Jadi populasi bukan hanya orang, tetapi juga obyek dan benda-benda alam yang lain. Populasi juga bukan sekedar jumlah yang ada pada obyek/subyek yang dipelajari, tetapi meliputi seluruh karakteristik/ sifat yang dimiliki oleh subyek atau obyek itu.

Misalnya akan melakukan penelitian di sekolah X, maka sekolah X ini merupakan populasi. Sekolah X mempunyai sejumlah orang/subyrk dan obyek yang lain. Hal ini berarti populasi dalam arti jumlah/kuantitas. Tetapi sekolah X juga mempunyai karakteristik orang-orangnya, misalnya motivasi kerjanya, disiplin kerjanya. kepemimpinannya, iklim organisasinya dan lain-lain; dan juga mempunyai karakteristik obyek yang lain, misalnya kebijakan, prosedur kerja, tata ruang kelas, lulusan yang dihasilkan dan lain-lain. Yang terakhir berarti populasi dalam arti karakteristik.

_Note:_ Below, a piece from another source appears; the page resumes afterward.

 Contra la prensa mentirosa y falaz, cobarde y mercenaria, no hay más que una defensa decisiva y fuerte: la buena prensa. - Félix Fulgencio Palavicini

Satu orang-pun dapat digunakan sebagai populasi, karena satu orang itu mempunyai berbagai karakteristik, misalnya gaya bicaranya. disiplin pribadi, hobi, cara bergaul, kepemimpinannya dan lain-lain. Misalnya akan melakukan penelitian tentang kepemimpinan presiden Y maka kepemimpinan itu merupakan sampel dari semua karakteristik yang dimiliki presiden Y.

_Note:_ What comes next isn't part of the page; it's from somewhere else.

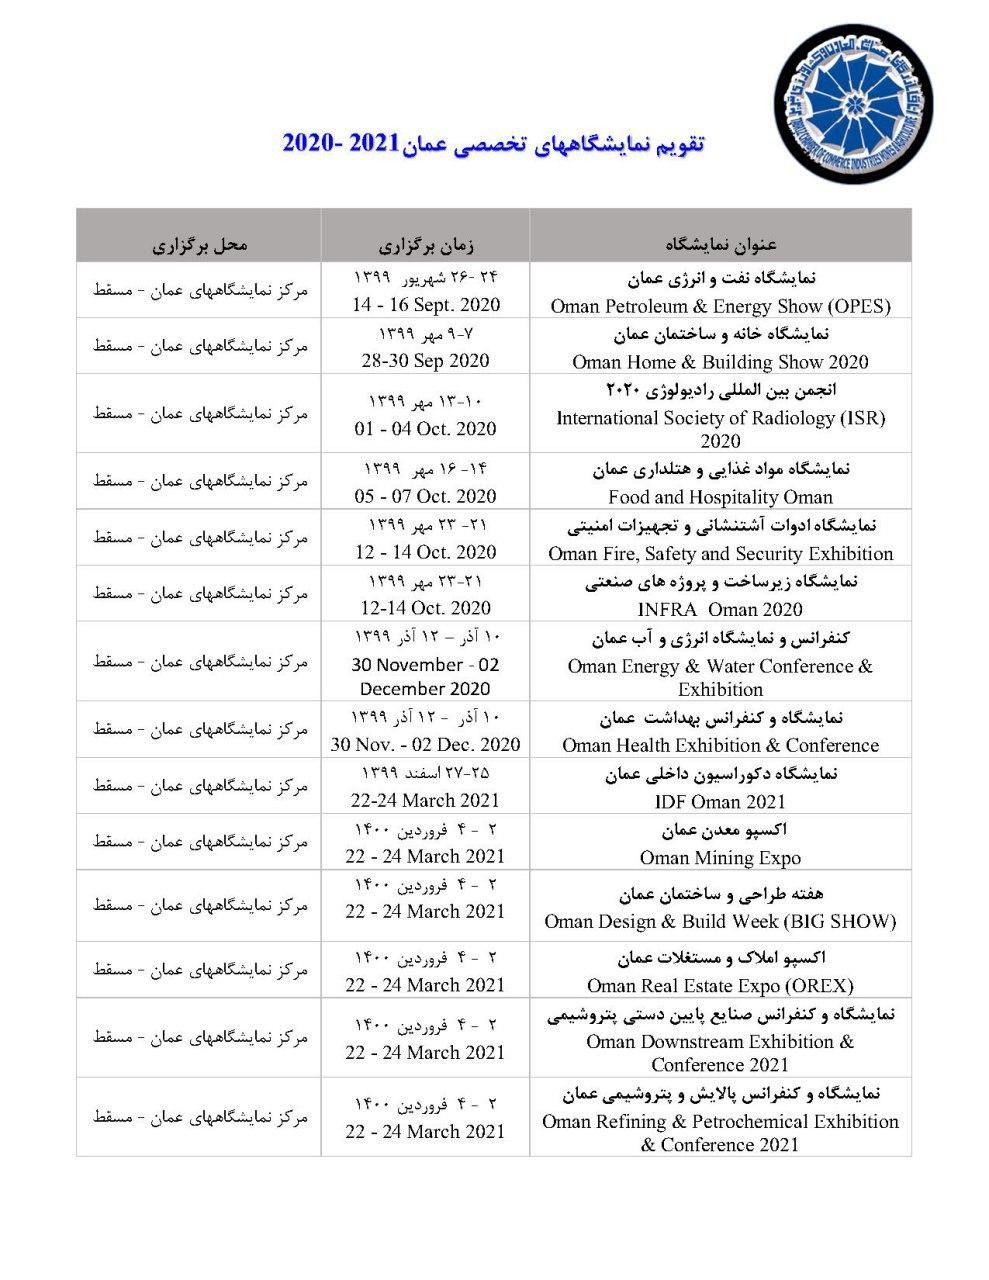 تقویم نمایشگاه های کشور عمان

Dalam bidang kedokteran, satu orang sering bertindak sebagai populasi. Darah yang ada pada setiap orang adalah populasi. kalau akan diperiksa cukup diambil sebagian darah yang berupa sampel. Data yang diteliti dari sampel tersebut selanjutnya diberlakukan ke seluruh darah yang dimiliki orang tersebut.

B. Sampel
Sampel adalah bagian dari jumlah dan karakteristik yang dimiliki oleh populasi tersebut. Bila populasi besar dan peneliti tidak mungkin mempelajari semua yang ada pada populasi, misalnya karena keterbatasan dana, tenaga dan waktu, maka peneliti dapat menggunakan sampel yang diambil dari populasi itu. Apa yang dipelajari dari sampel itu, kesimpulannya akan dapat diberlakukan untuk populasi. Untuk itu sampel yang diambil dari populasi harus betul-betul representatif (mewakili).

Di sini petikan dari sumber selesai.